In the current study, the dairy cows were classified into different resistotypes which were associated with individualized phenotype of milk protein yield (study 2) rather than DMI (study 1, Supplementary Fig. 6). A human study also reported the clustering of subjects from a cohort of 663 people into 6 resistotypes, and these resistotypes were connected to enterotypes [48]. However, the causal effects behind such classification still need to be further explored. Due to the fact that different parity in our study could affect lactation performance and also chances to receive therapeutic treatment, the impact factor of parity should be considered in future study validating the association between resistotypes and milking traits. Also, although the power calculation revealed that our sample size in study 2 enables 87.5% power, the sample size of 16 is still relatively limited, indicating that future study should include a larger number of animals. Moreover, many factors affect the rumen microbiome, including diet [52], genetics [43], age [53], and lactation stage [15], indicating that the ruminal resistome could also be affected by these factors. The ruminal resistome composition and the resistotypes identified in the current study provide information about the ruminal resistome of mid-lactating Holstein dairy cows that were fed a corn-based high-grain diet. Future studies that examine the effects of other impact factors on ruminal resistome are required to identify whether ruminal resistotypes differ between breed types, lactation stage, or diet.

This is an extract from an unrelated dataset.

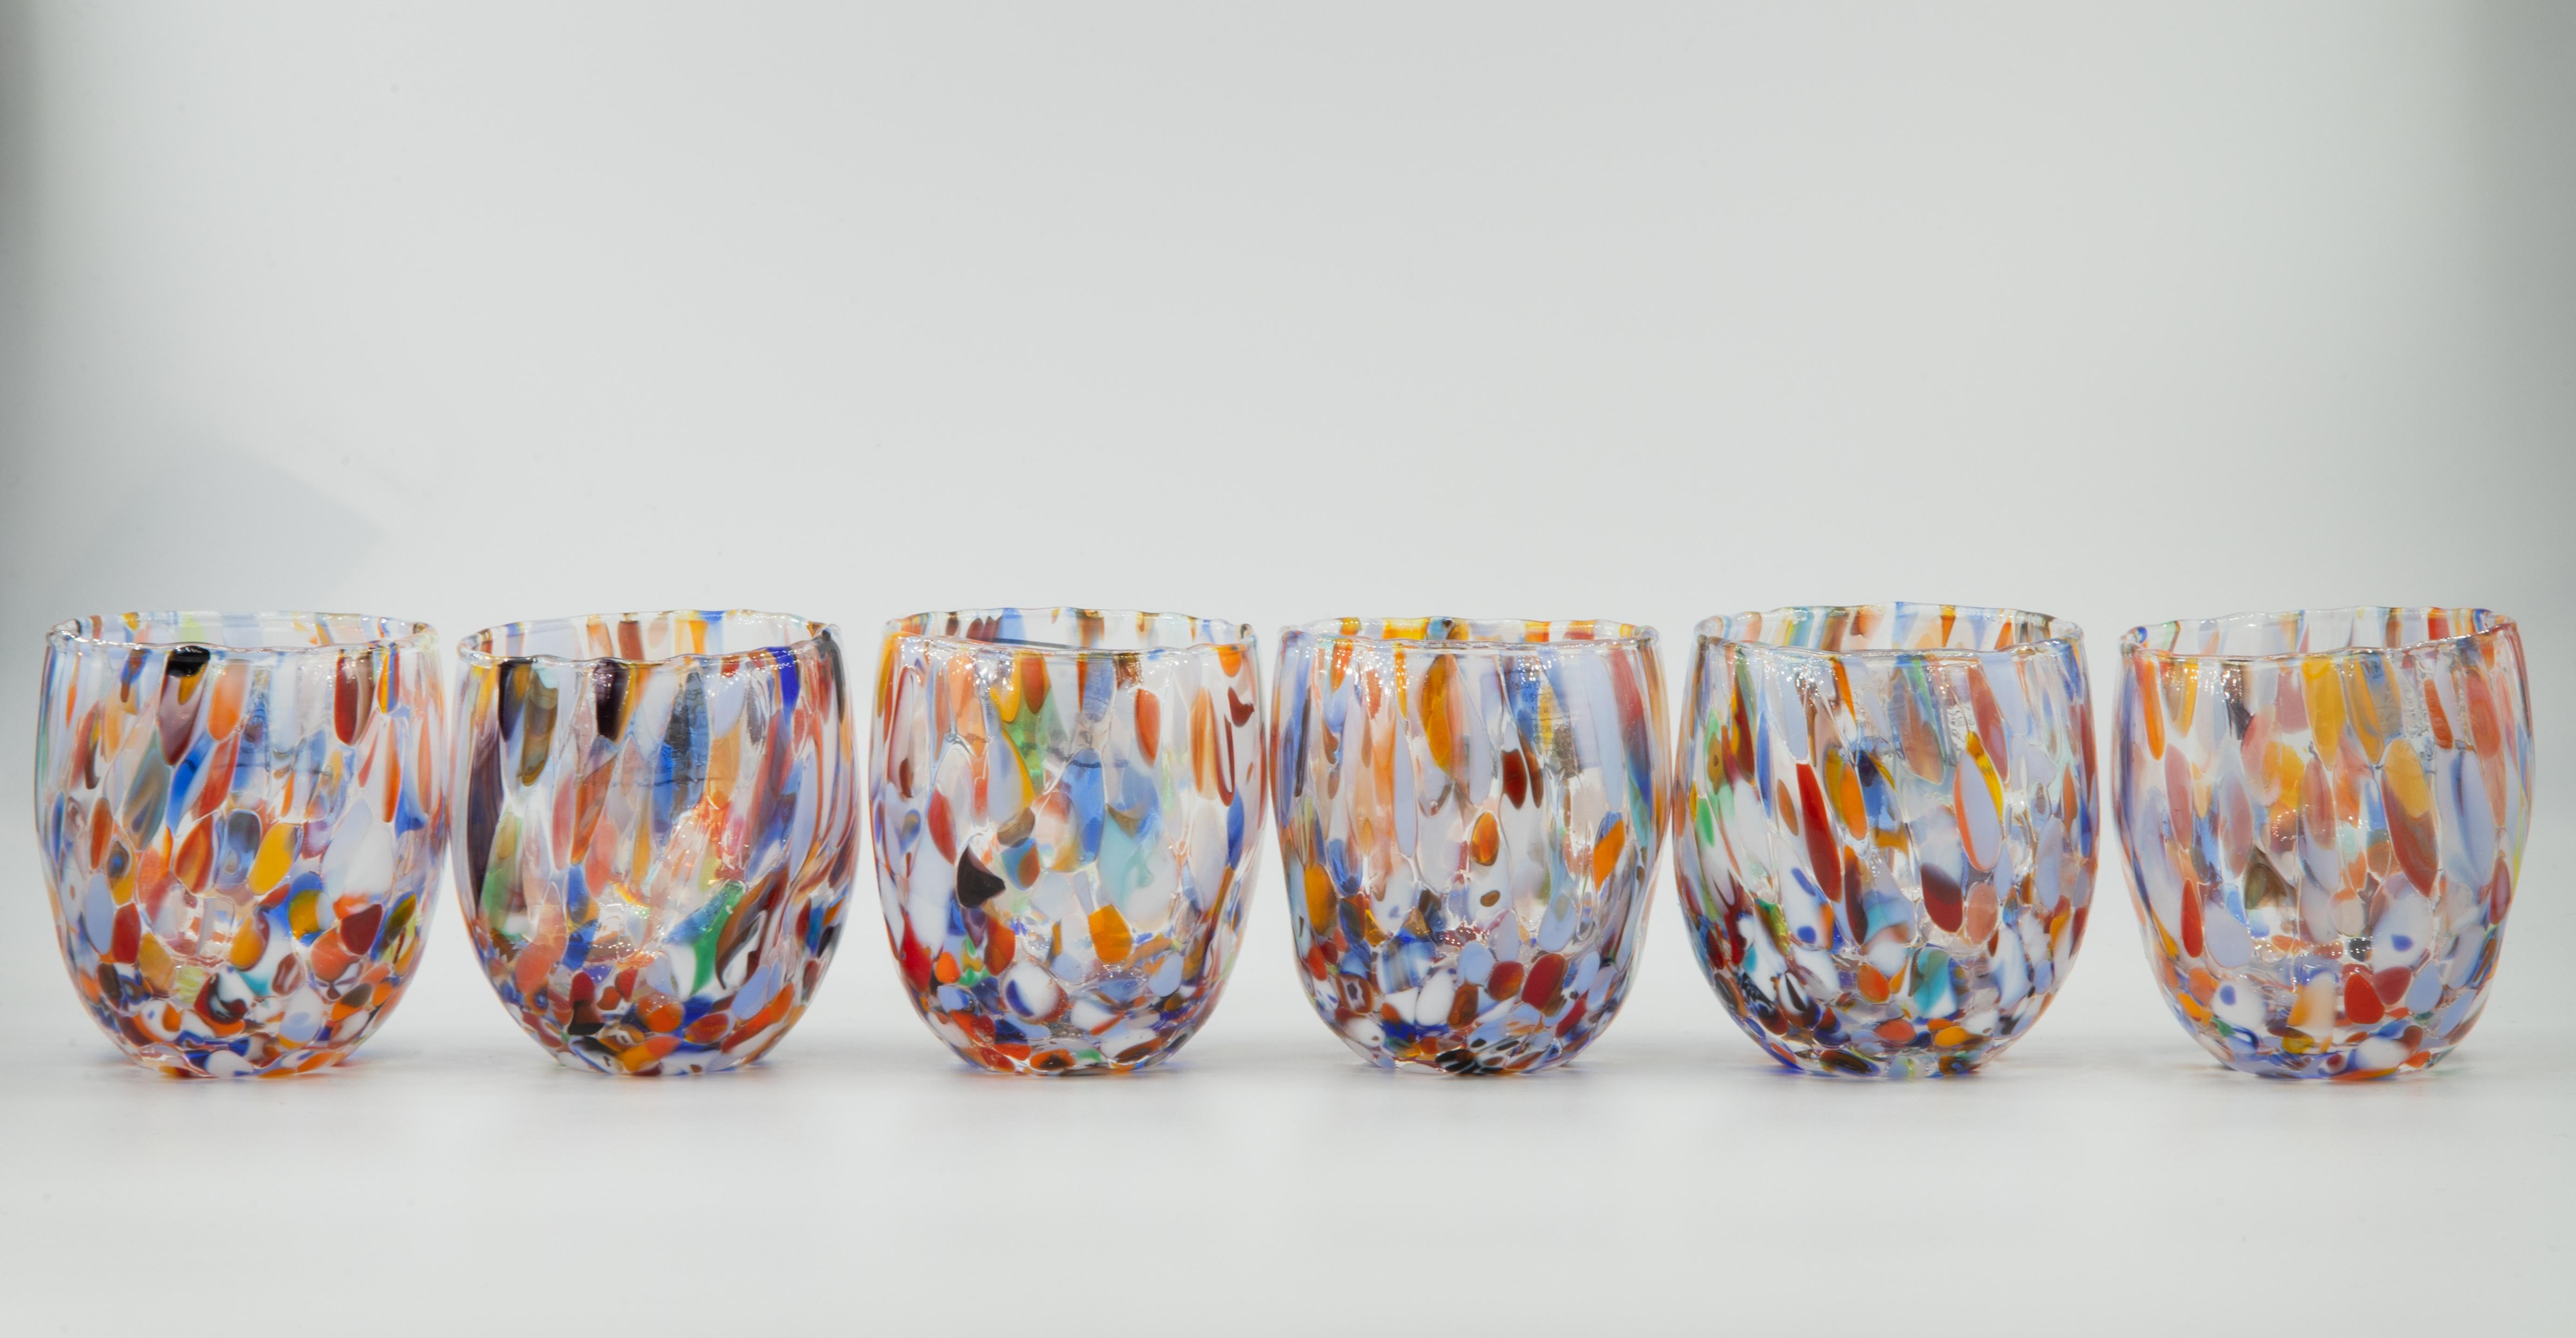  Buenos Aires, set of 6 Murano shot glasses color 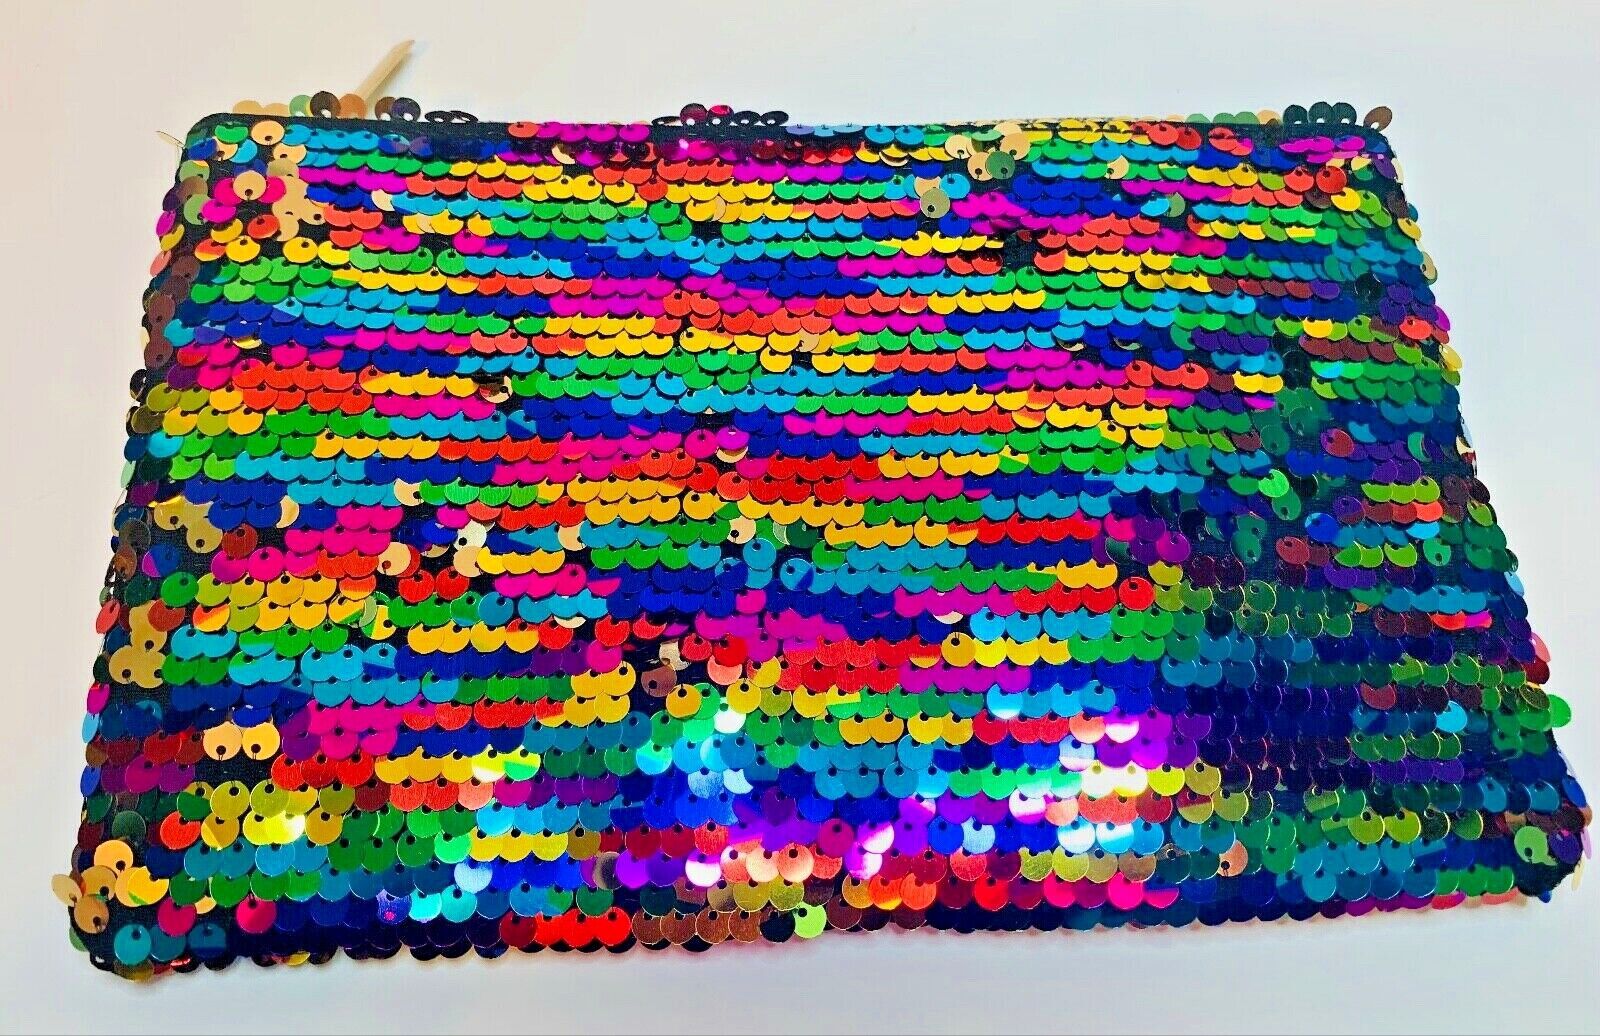 BNWT BOLD RAINBOW TO GOLD TRAVEL CASE BAG MAKEUP COSMETIC POUCH Regular discount 35% OFF

Majority of previous studies investigating the ARGs in rumen and hindgut have focused on the impact of antimicrobial (therapeutic or subtherapeutic) administration rather than focusing on the ARGs in antimicrobial-free animals. In our study, although the animals were free of antimicrobials during the experimental period and received no therapeutic or prophylactic antimicrobial treatment since the first day of lactation, this does not mean that animals in our study were not exposed to antimicrobials since birth. Additionally, the detection of ARGs at the DNA level detected in our study may not accurately reveal AMR phenotypes, since DNA can be released from dead microbes, and resistance can occur via overexpression of normal genes [7]. These suggest that transcriptional measurements focusing on absolutely antimicrobial-free animals are required for further comprehensive detection and validation.

Conclusions

The current study provides insights into ARGs in the rumen of lactating dairy cows. Although no antimicrobials were given to the cattle during the experimental period in our study, the ruminal resistome conferred resistance to 26 antimicrobial classes, suggesting that the rumen microbiome serves as a reservoir for a high richness of AMR. Moreover, the analysis of the host effect on the ruminal resistome reveals that the resistome is not driven by the varied feed intake of the host, while the ruminal resistome compositions were different in cows with different milk protein yield. The resistomes could be classified into several resistotypes, which were driven by specific ARGs and associated with milk protein yield in dairy cows. These results indicate that the changes in the rumen microbiome composition could not only affect milking protein yield but also affect the ruminal resistome. In sum, our study uncovered the prevalence of ruminal ARGs in the rumen and the host-ruminal resistome interactions of dairy cows, providing fundamental knowledge and evidence for interventions to reduce AMR and regulate ARGs in ruminant livestock.

Methods

Animals, samples, and DNA extraction

The experimental protocol was approved by the Animal Care Committee of Zhejiang University (Hangzhou, China). All the animals used in two studies were free of antimicrobials during the experimental period and received no therapeutic or prophylactic antimicrobial treatment since the first day of lactation. The animals within each study were fed the same diet and under the same management condition. These two studies were previously designed and revealed that the host effect of feed intake is a crucial impact factor influencing rumen microbial metabolism (protein synthesis) and subsequently milk protein synthesis (study 1) [54], with individualized rumen microbiome playing important roles in regulating milk protein yield of dairy cow (study 2) [16, 46]. Power calculations revealed that sample sizes in these two studies enable 87.5% power and a type 1 error of 5%, based on t test of phenotypic parameters [46, 54].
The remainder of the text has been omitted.